SEMは多変量解析の手法ですが,もともと多変量解析の手法としては重回帰分析や分散分析,クラスター分析などのシンプルな手法が存在しています。20世紀にはこうした手法によって(あるいはこうした手法に当てはめられるようにRQやデータを設計することで)多変量解析の研究が行われていました。 しかしこうした手法には,(a)複雑なモデルを考えることができない,(b)潜在変数を考えることができない(すべての変数は直接観測可能だとみなす),(c)測定誤差というものを明示的に考えることができない,といった限界がありました (Haenlein & Kaplan, 2004)。 これらの問題を解決するために考案されたのが(CB-)SEMということになるようです。 そもそもSEMというものは「構造方程式モデリング」と訳される名が示すように,潜在変数を含む複雑な変数間の関係性を(連立)方程式によって表現し,そのパラメータをデータから推定する方法でした。 PLS-SEMとは,その定式化および推定の方法として,CB-SEMとは別の文脈から生まれてきたもののようです。
7.13.1 モデルの設計
したがって,PLS-SEMにおいても「構造方程式モデリング」としての基本的なコンセプトはCB-SEMと大きく変わりません。 とりあえず観測変数間の関係性をモデルに起こすところから始まります。 図 7.25 は,ホテル利用者が行う評価に及ぼす影響をイメージした仮想的なグラフィカルモデルです32。 このモデルには,以下の3つの潜在変数およびそれらを測定する計7項目の観測変数があるとします。
- 【満足度】 ホテルのサービスに対する満足度。
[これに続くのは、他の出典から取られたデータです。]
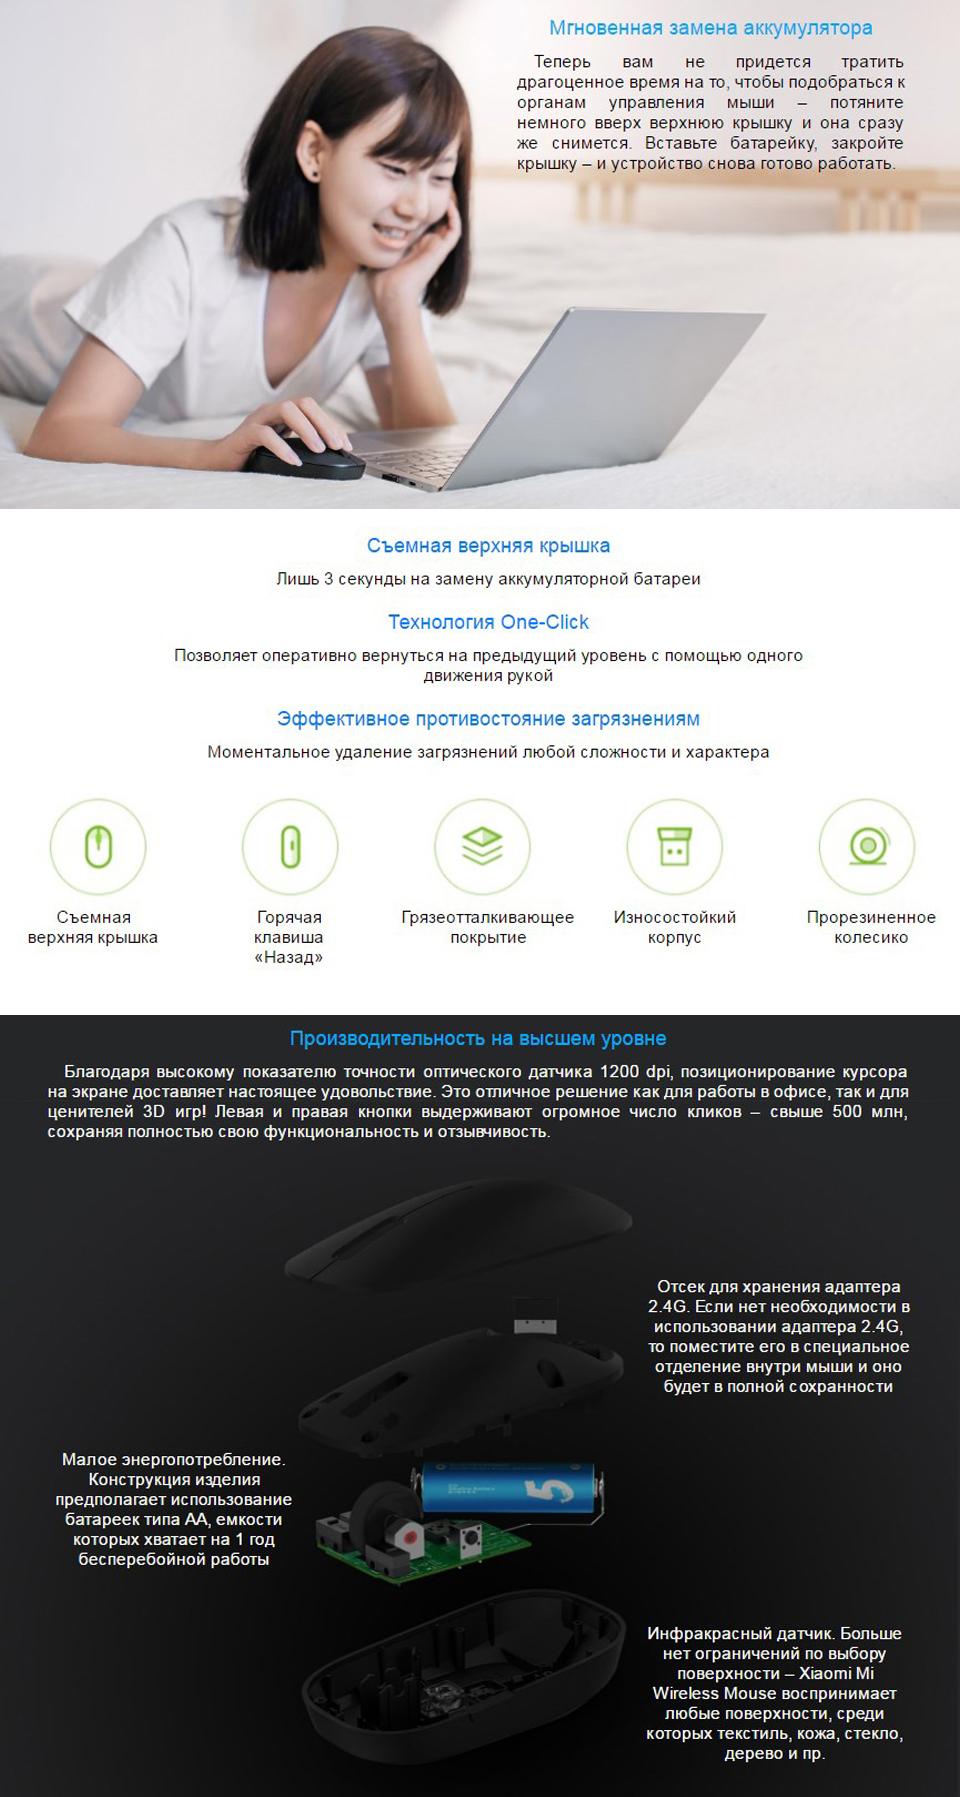 Xiaomi  Mi mouse 2 принцип строения

以下の3項目によって,それぞれ7段階評価で測定される。
- スタッフの対応は良かった。(
sat_1
) - ホテルは綺麗だった。(
sat_2
) - 食事は美味しかった。(
sat_3
)
- スタッフの対応は良かった。(
- 【価格】 (主観的な)価格。「1泊あたりの価格はどう感じましたか。(
price
)」という1項目に対して「とても安かった」から「とても高かった」までの7段階評価。 - 【評価】 ホテルの評価。以下の3項目によって,それぞれ7段階評価で測定される。
- このホテルのファンになった。(
rate_1
) - 機会があればまたこのホテルに泊まりたい。(
rate_2
) - このホテルを他の人に薦めたい。(
rate_3
)
- このホテルのファンになった。(
このような図は,CB-SEMでも見ることがあるかと思いますが,いくつか気になる点があります。
1点目は,3つの観測変数から「満足度」という潜在変数に対して矢印が刺さっている点です。 これまでのCB-SEMの説明では,矢印は必ず潜在変数から観測変数に向かって刺さっていました。つまり逆向きです。 実はPLS-SEMでは,このような逆向きの矢印もモデルに含めることができると言われています。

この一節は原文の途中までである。